# 2021 clipping



## Marsha Cassada (Apr 5, 2021)

I decided to clip Dapper Dan today. I washed him first, using my nice water heater unit. It was like clipping a buffalo; the hair came off in thick mats. We both had to take a few breaks during the session.
It was very noticeable this year: one of my favorite things about bays is the black points on their legs. Well, Dapper Dan no longer has black legs. They are all gray. His head is quite gray , but I hadn't thought about his legs getting so gray. 
Being gray is not slowing him down any, though. He is 25 this year.
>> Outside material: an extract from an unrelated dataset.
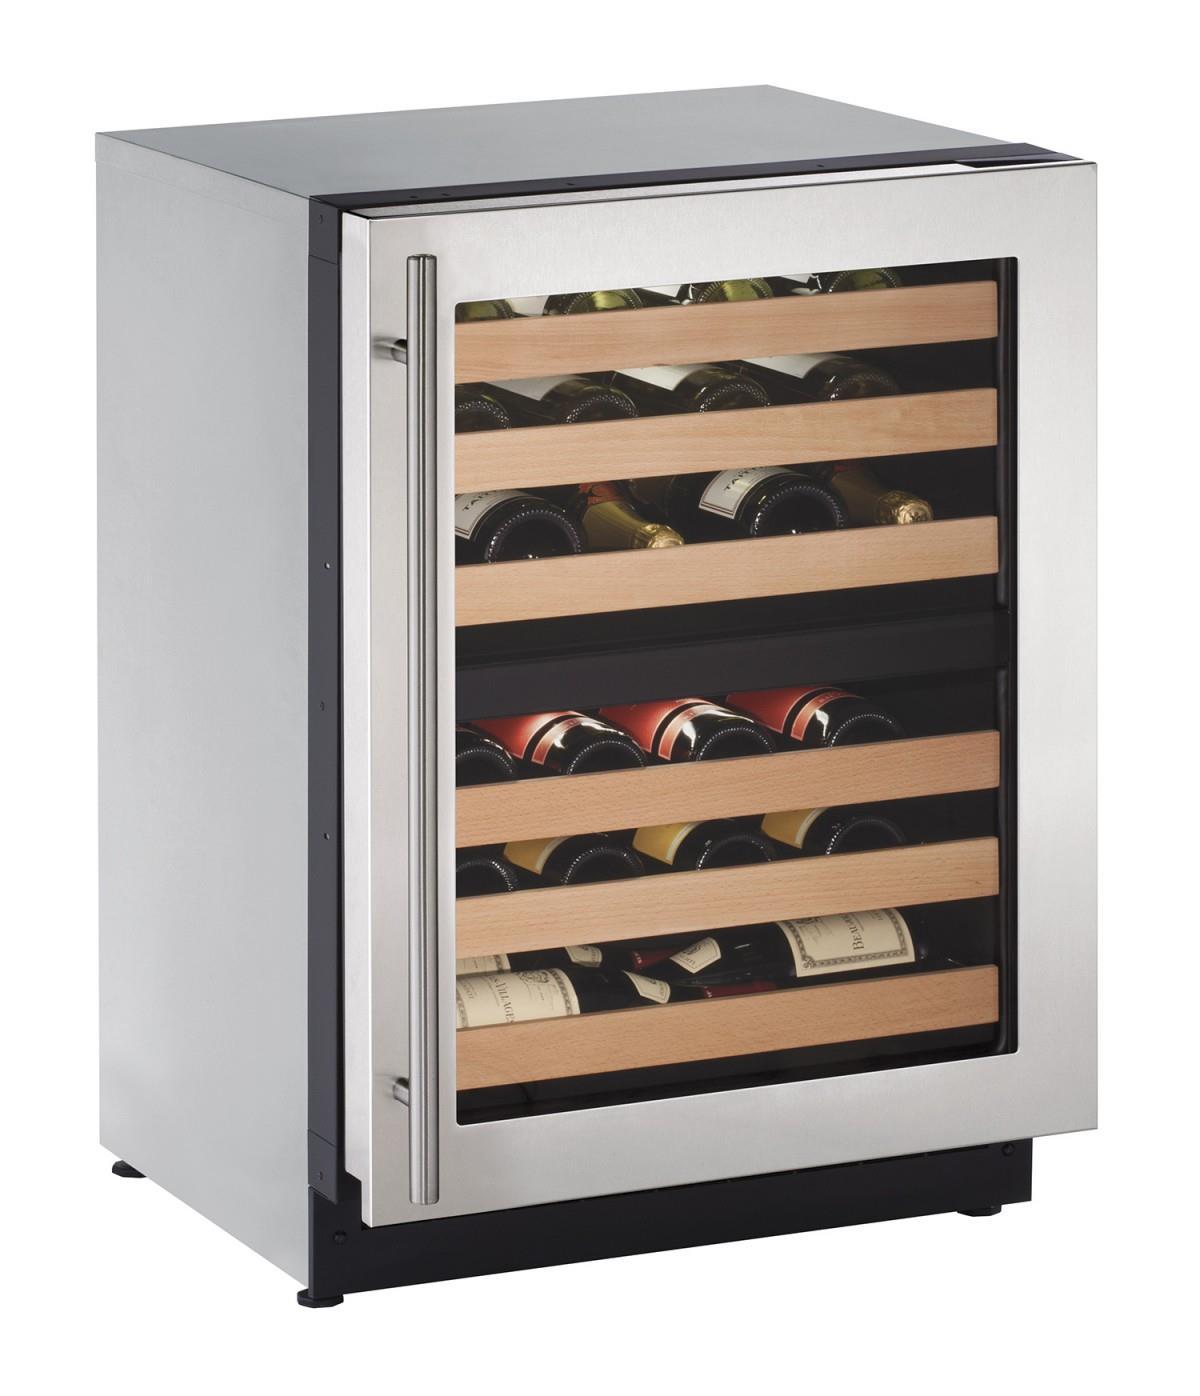 "U-Line Wine Captains 4.7 Cu. Ft. 24"" Built-in Wine Storage - Item Number: U-2224ZWCS-15A"

Looking forward to seeing/hearing 2021 clipping news.


----------



## Willow Flats (Apr 6, 2021)

Awww. He looks great Marsha! You have taken such great care of him. He is such a great horse.
I had that really bad flare up with my back and couldn't do anything with my horses for a week but finally feeling better so hoping to start clipping mine here shortly.


----------



## Marsha Cassada (Apr 6, 2021)

Willow Flats said:


> Awww. He looks great Marsha! You have taken such great care of him. He is such a great horse.
> I had that really bad flare up with my back and couldn't do anything with my horses for a week but finally feeling better so hoping to start clipping mine here shortly.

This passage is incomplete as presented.